Useful when the criterion is very resource intensive.

This approach also allows assessment of whether the measures can be used interchangeably, or the data from the two measures pooled or otherwise compared.

 Criterion validity

The extent of the agreement between a measure and another already held as being a criterion or gold standard. Assessed quantitatively. Called absolute validity when compared to measure known to provide perfectly true values.

 Concurrent validity

Assessment of convergent or criterion validity when measures taken at same time.

 Predictive validity

Assessment of convergent or criterion validity when measures taken at different times.

Experimental validity – a combined assessment of internal and external validity to determine whether conclusions drawn from the data are free from bias and generalizable to wider populations.

 Internal validity

The extent to which conclusions drawn from the experimental data are free from confounding issues which cause bias such as reactivity and missing data; similar to methodological quality. Assessed by examination of relevant issues.

 External validity

The extent to which conclusions drawn from the data are generalizable to the wider populations. Assessed by examination of age, sex, ethnic origin, socio-economic status, etc., of study sample.
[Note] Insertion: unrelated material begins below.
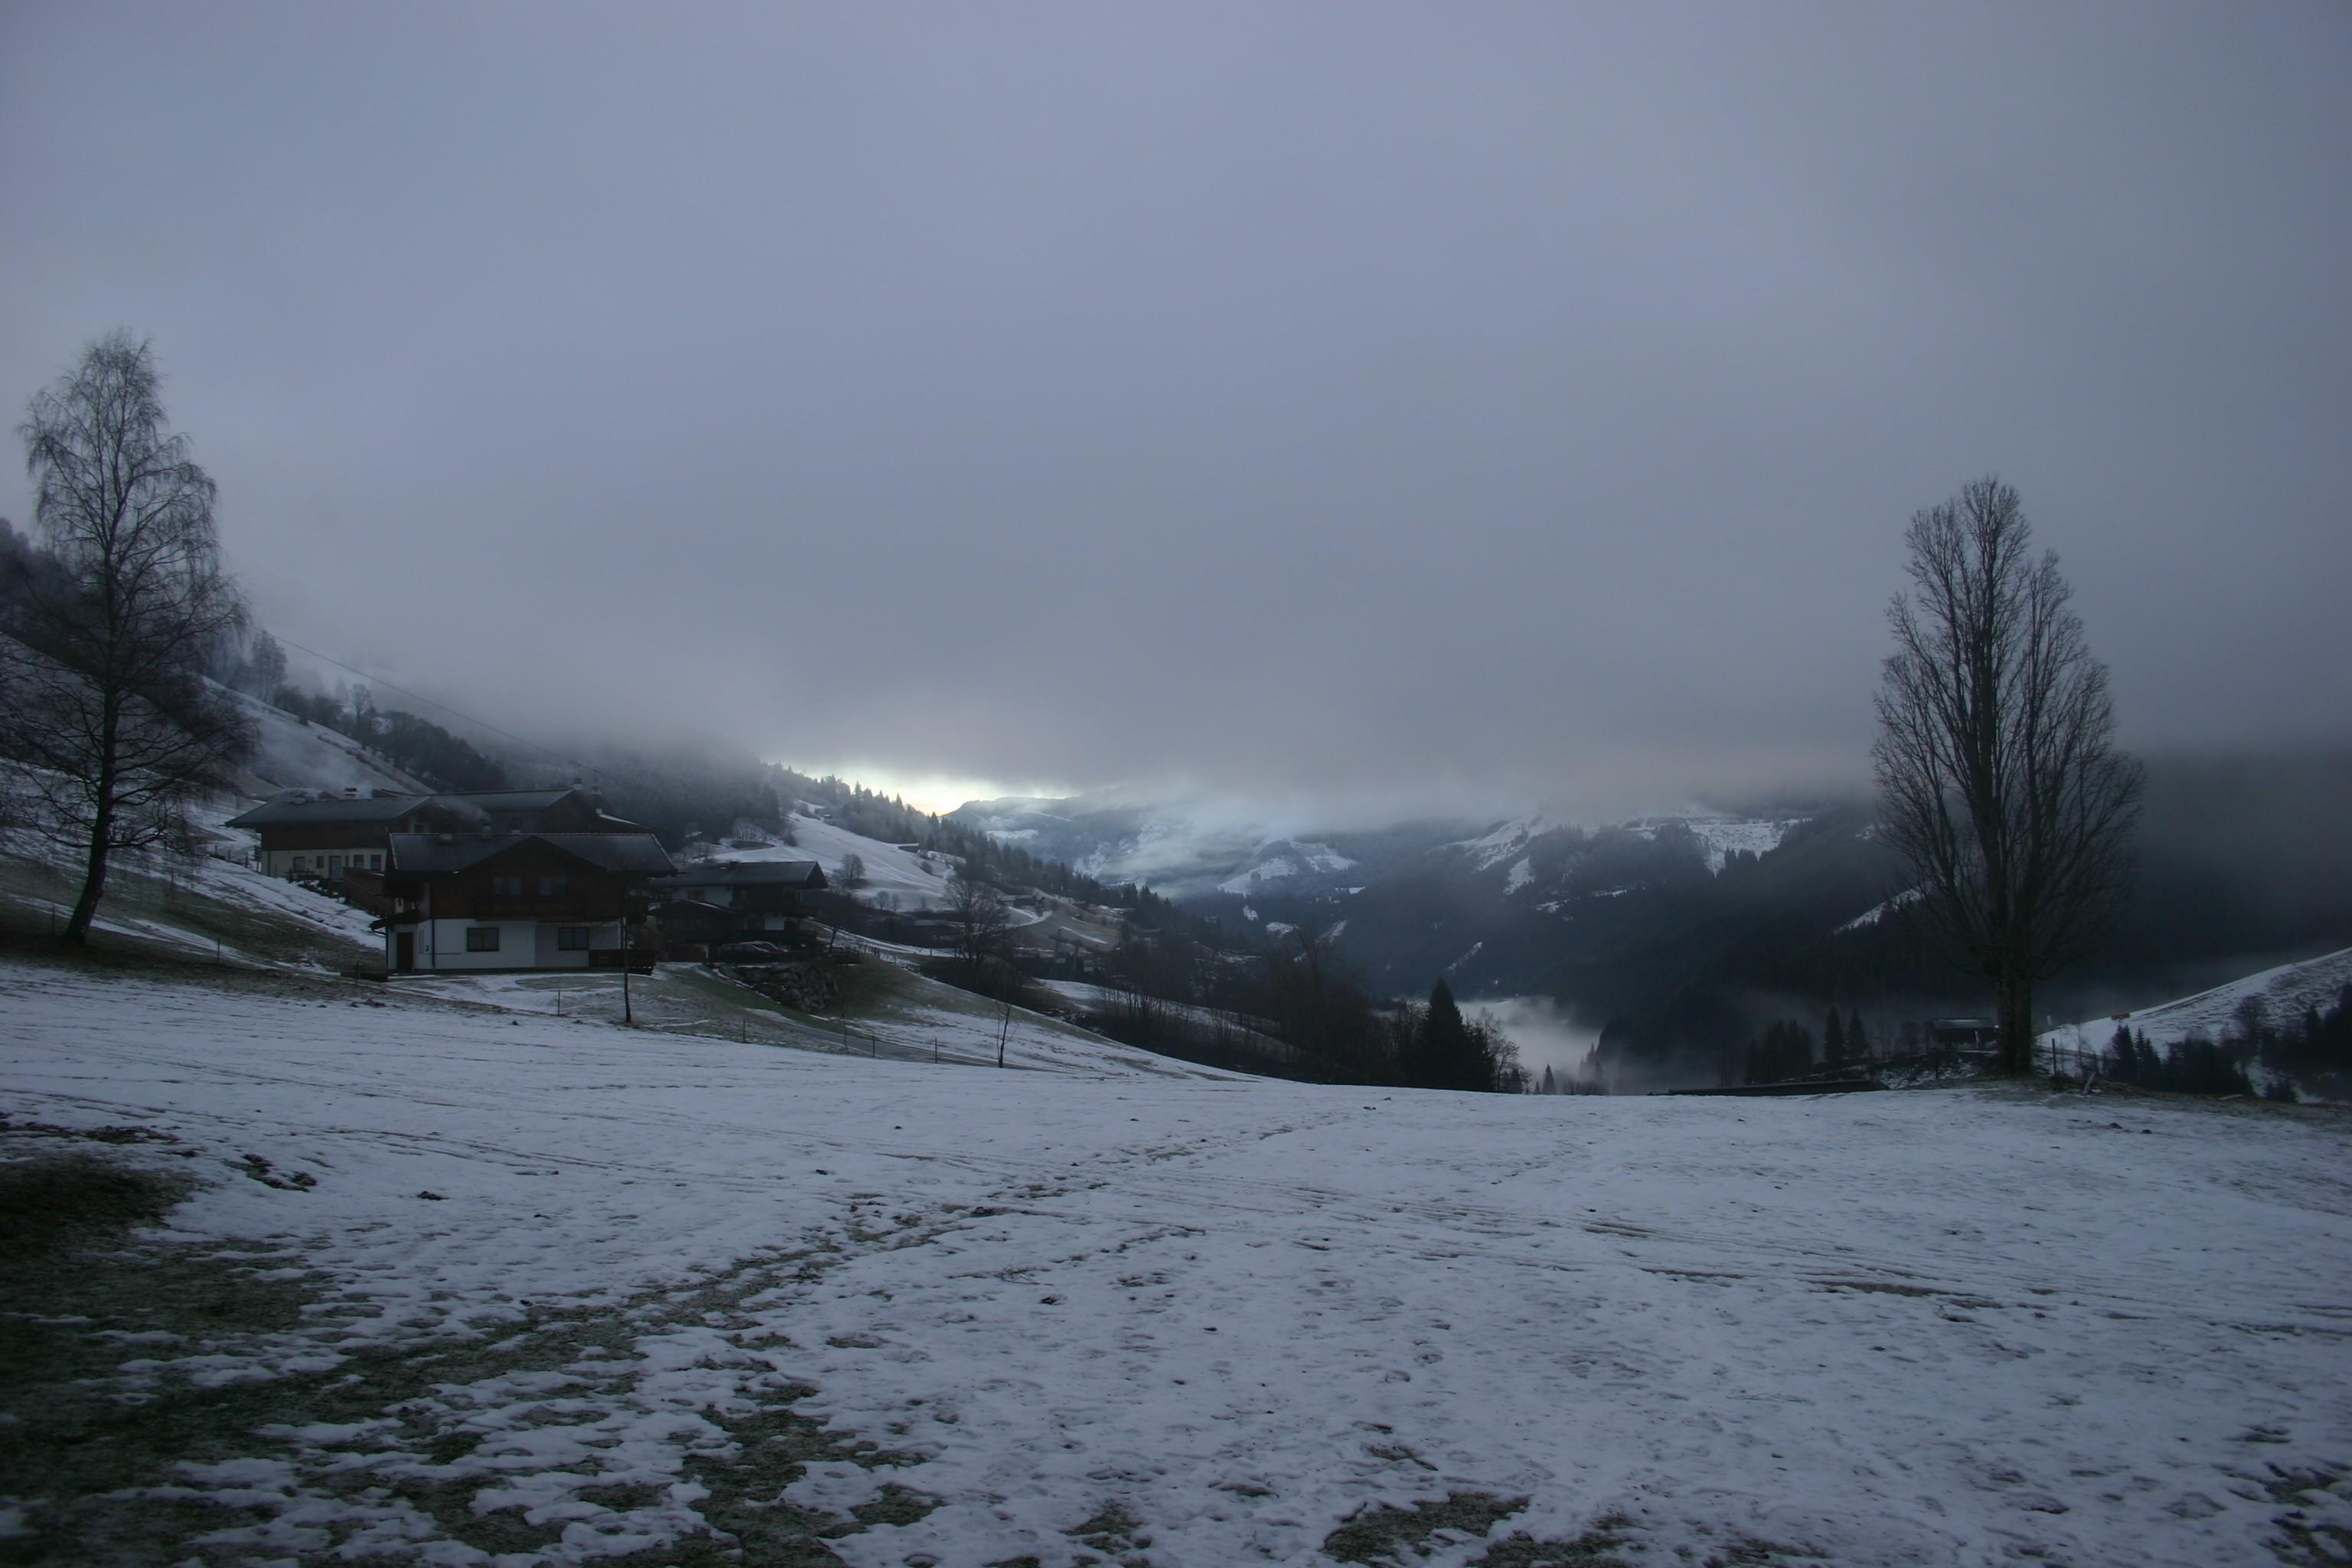 Skicircus Saalbach Hinterglemm Leogang 002 - Dag 1

This could be assessed by a theoretical justification or empirical demonstration such as field testing and small scale “proof of concept” studies. These should assess participant feedback (e.g. satisfaction and burden) as well as data issues (e.g. can meaningful information be produced in reasonable time frames?)

Reliability – the extent to which a tool gives measurements that are consistent, stable, and repeatable.

 Test-retest reliability

The extent to which test scores are consistent from one test administration to the next; keeping as many conditions (e.g. researcher, timing, preparation, etc.) as possible unchanged. Assessed quantitatively.
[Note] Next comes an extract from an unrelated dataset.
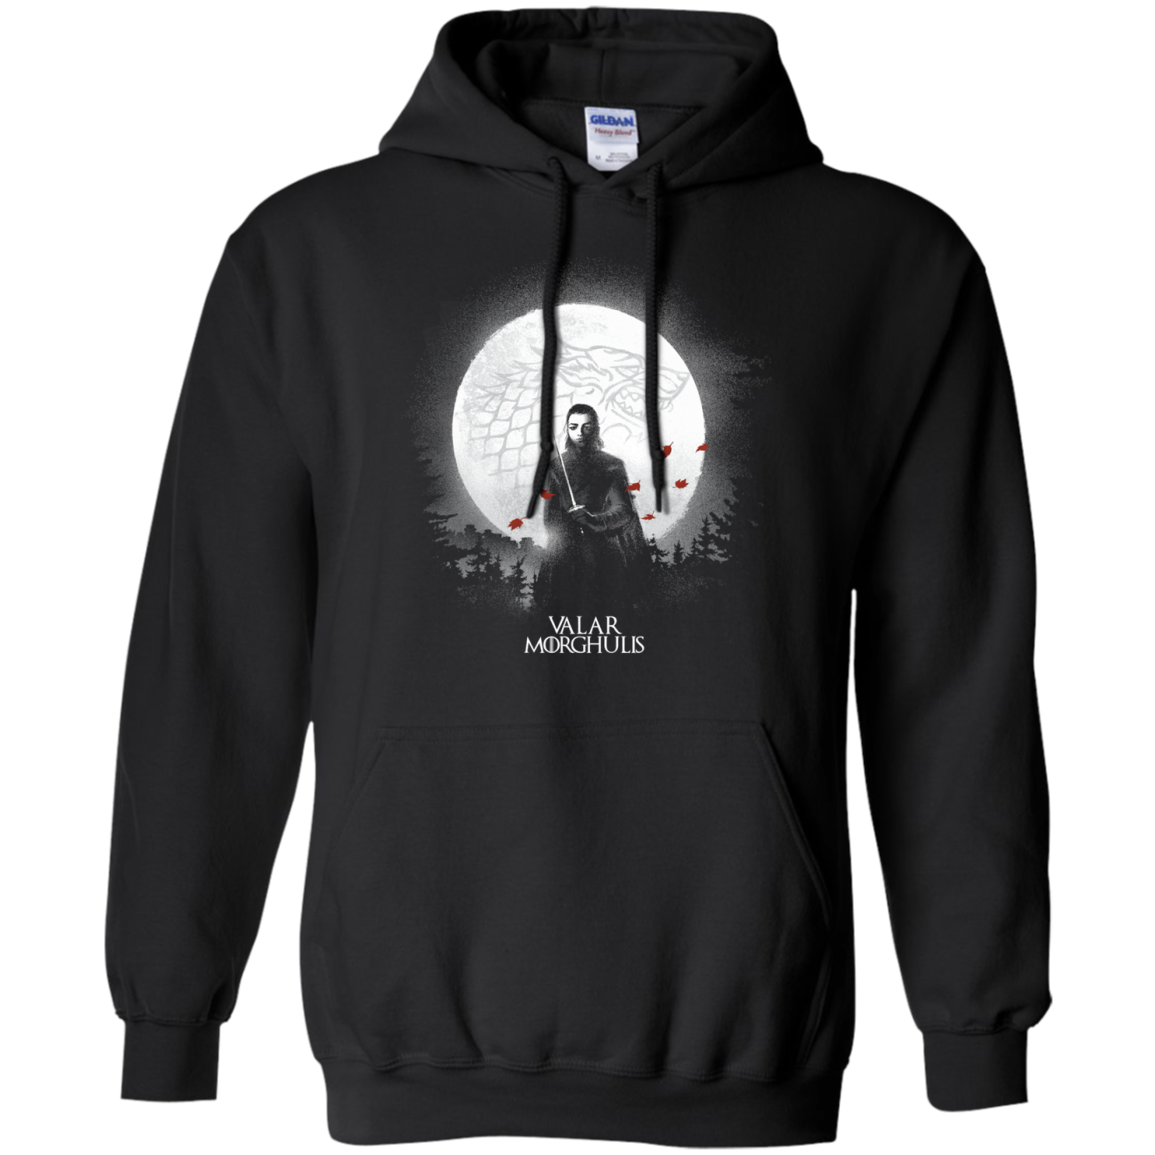 Get Here Valar Morghulis Game Of Thrones Tula Store Shirts

This estimate incorporates any factors that cannot be controlled e.g. intra-rater reliability, behaviour change, etc.

 Inter/intra-rater reliability

The extent to which test scores are consistent when measurements are taken by different people using the same methods (inter-rater) or at different times by the same person (inter-rater). Assessed quantitatively.

 Inter/intra-instrument reliability

The extent to which test scores are consistent when measurements of the same thing are taken by different versions of the same instrument (inter-instrument) or repeatedly by the same version of an instrument (intra-instrument). Assessed quantitatively.

 Behavioural reliability

The extent to which stability in behaviour has been considered when assessing other aspects of reliability.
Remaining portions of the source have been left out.